Выбрать главу

Энрико взлетает на мостик:

— Русские ни за что не позволят пирату уйти, расстреляют без всякой жалости, несмотря на то, что там находятся их люди. Но если бой развернется в порту, пострадает не только бриг. Босфор узок. Корвет своими пушками способен пол-Стамбула разнести!

Это он, конечно, преувеличивает, но “Альбатросу” даже одно русское ядро, и то совершенно ни к чему!

— Если мы хотим спасти синьорину, груз и наши шкуры, нужно убираться отсюда, — продолжает капитан.

— Но как? — Ночью купеческим судам движение в Босфоре запрещено. Джанни знает это не хуже своего капитана. — Турки не выпустят нас!

— Отойдем чуть дальше, и прижмемся к берегу. Здесь достаточно глубоко.

Прежде Дино с русскими военными кораблями встречаться не доводилось. Он и не подозревал, что огоньки, загоревшиеся чуть в стороне, предназначаются захваченному им бригу. Но он заметил движение на бригантине, с которой прибыла последняя шлюпка. Генуэзец собирался удрать, а этого Дино позволять не желал. Он уже заприметил этот корабль и собирался встретить его по дороге домой.

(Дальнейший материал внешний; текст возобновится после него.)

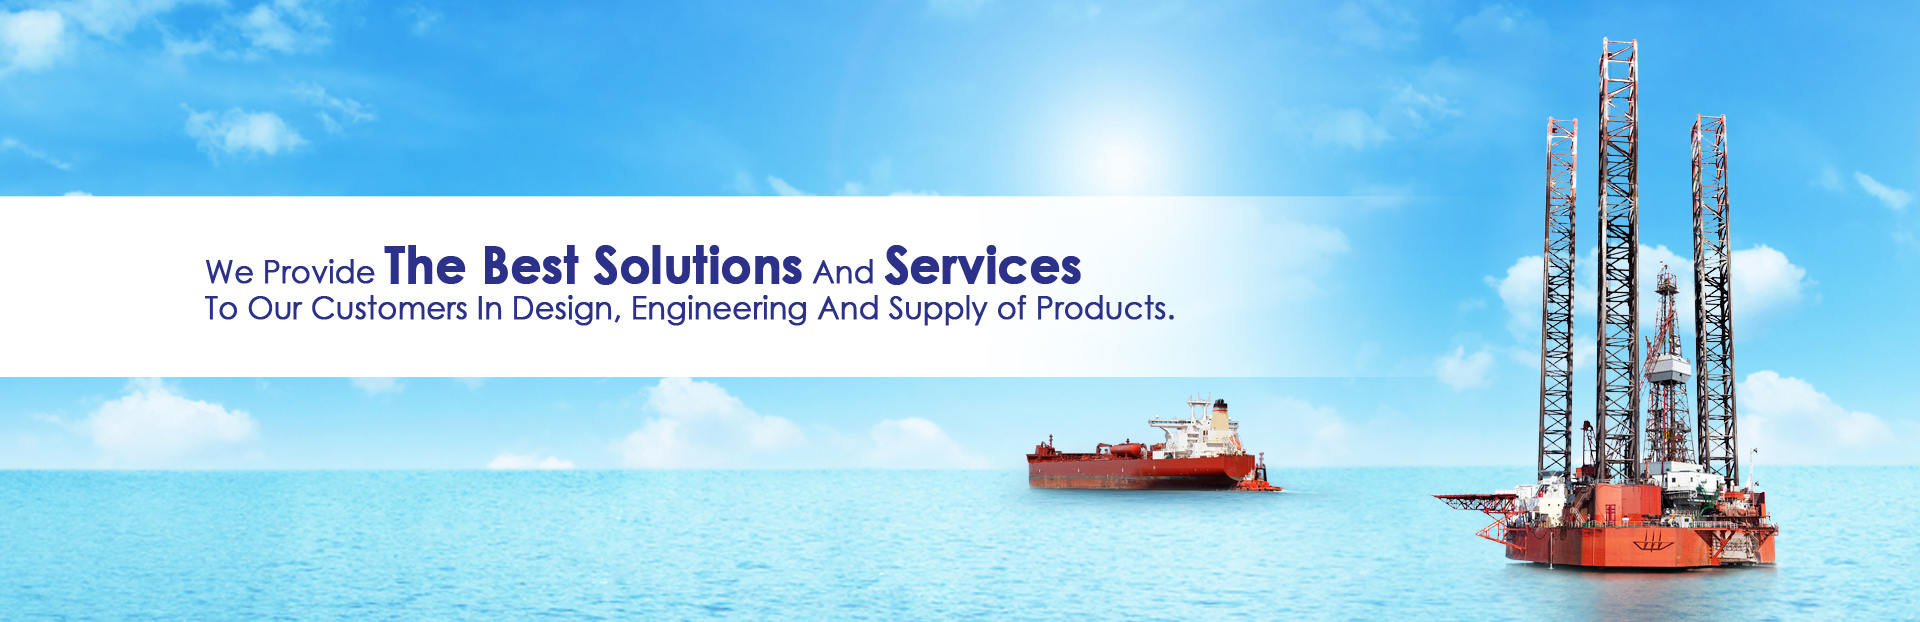 We Provide The Best Solutions And Services 
To Our Customers In Design, Engineering And Supply of Products

Бригантина сама по себе хороша, да еще и в брюхе у нее полно! На эти вещи глаз у Дино был наметан, он редко ошибался. Нет, медлить и ждать захода луны больше нельзя. Нужно опередить генуэзца и раньше него выйти в Эгейское море!

Слова, неотделимые от слез, немые молитвы, звучащие в сердце, пальцы, сплетающиеся с шелком локонов, быстрый топот десятков ног, промчавшихся по палубе, темнота и горестный вздох:

— Прости, любимый. Это из-за моей глупой прихоти мы оказались здесь.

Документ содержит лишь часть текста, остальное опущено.